***** Data under study
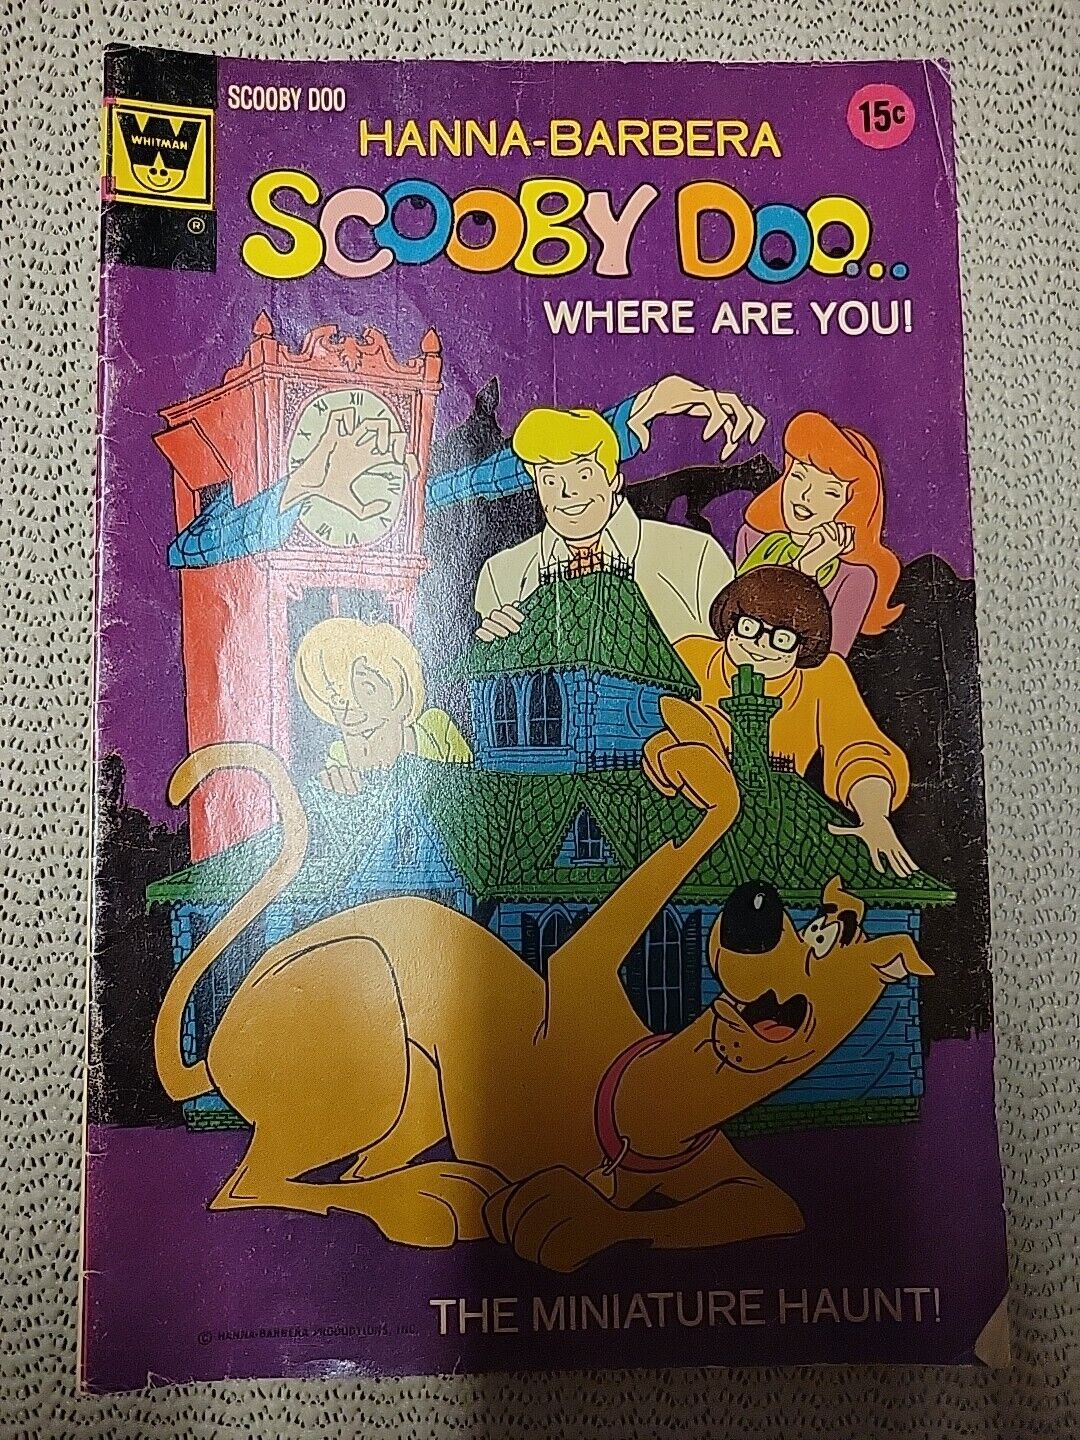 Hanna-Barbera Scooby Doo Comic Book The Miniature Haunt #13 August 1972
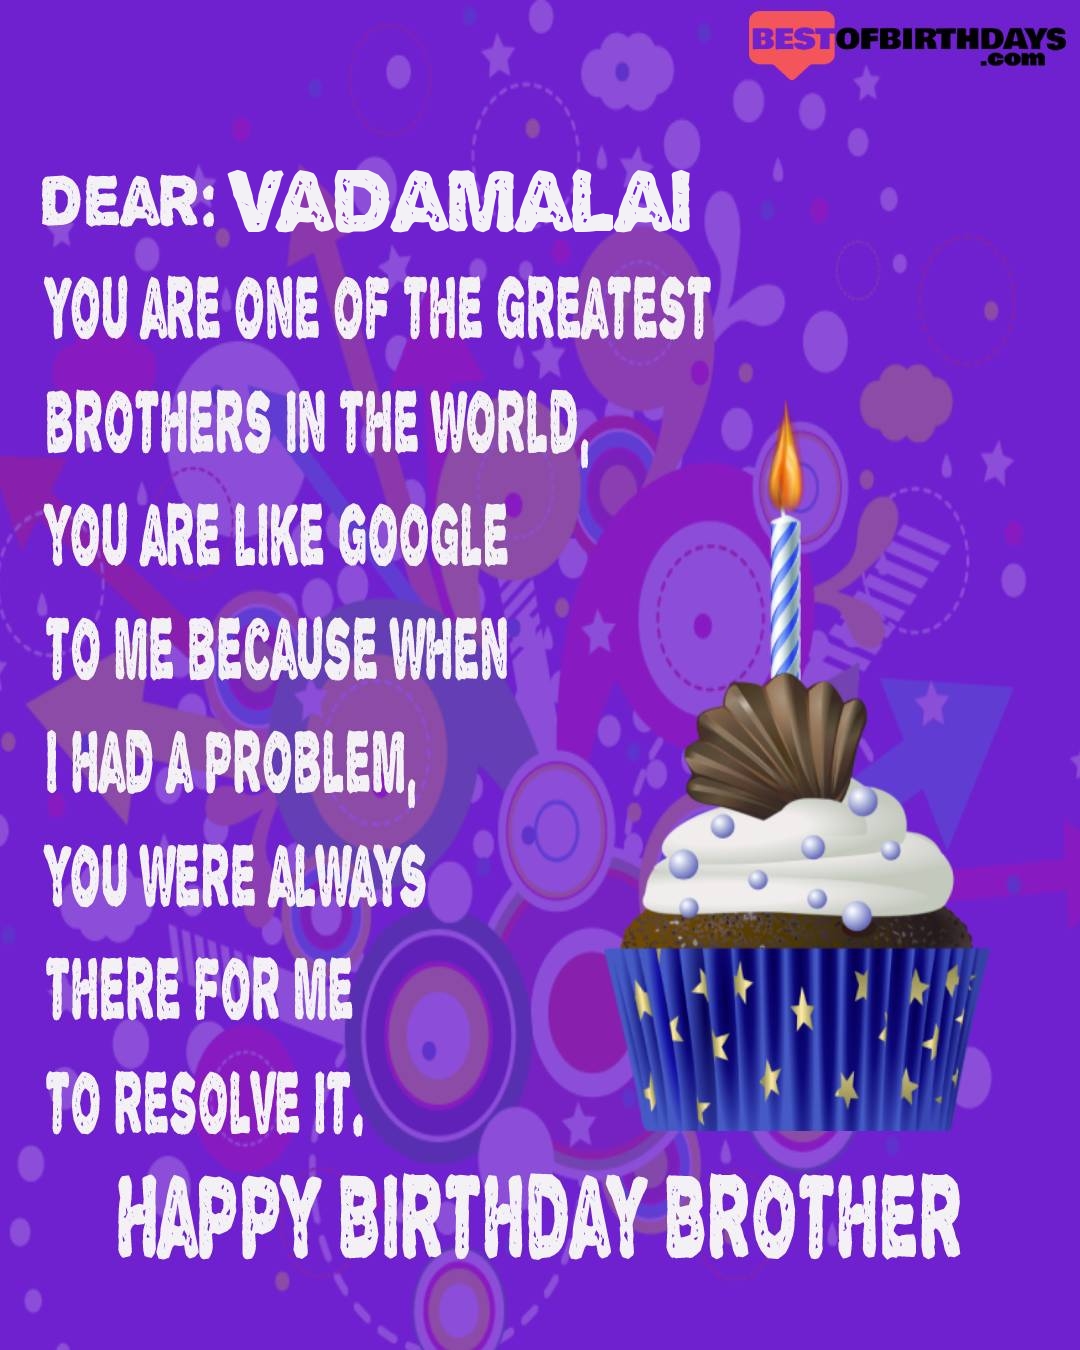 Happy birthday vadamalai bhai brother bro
**********
***** Data under study
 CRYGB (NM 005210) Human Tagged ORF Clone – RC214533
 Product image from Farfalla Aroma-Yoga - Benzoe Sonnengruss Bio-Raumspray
**********
--- Try it ---
Using the data above, output the line that has "Hanna-Barbera Scooby Doo", the line that has "Happy birthday vadamalai bhai brother bro", and whatever lines fall between, each exactly as it stands and without pictures.

--- Reply to the task ---
 Hanna-Barbera Scooby Doo Comic Book The Miniature Haunt #13 August 1972
 Happy birthday vadamalai bhai brother bro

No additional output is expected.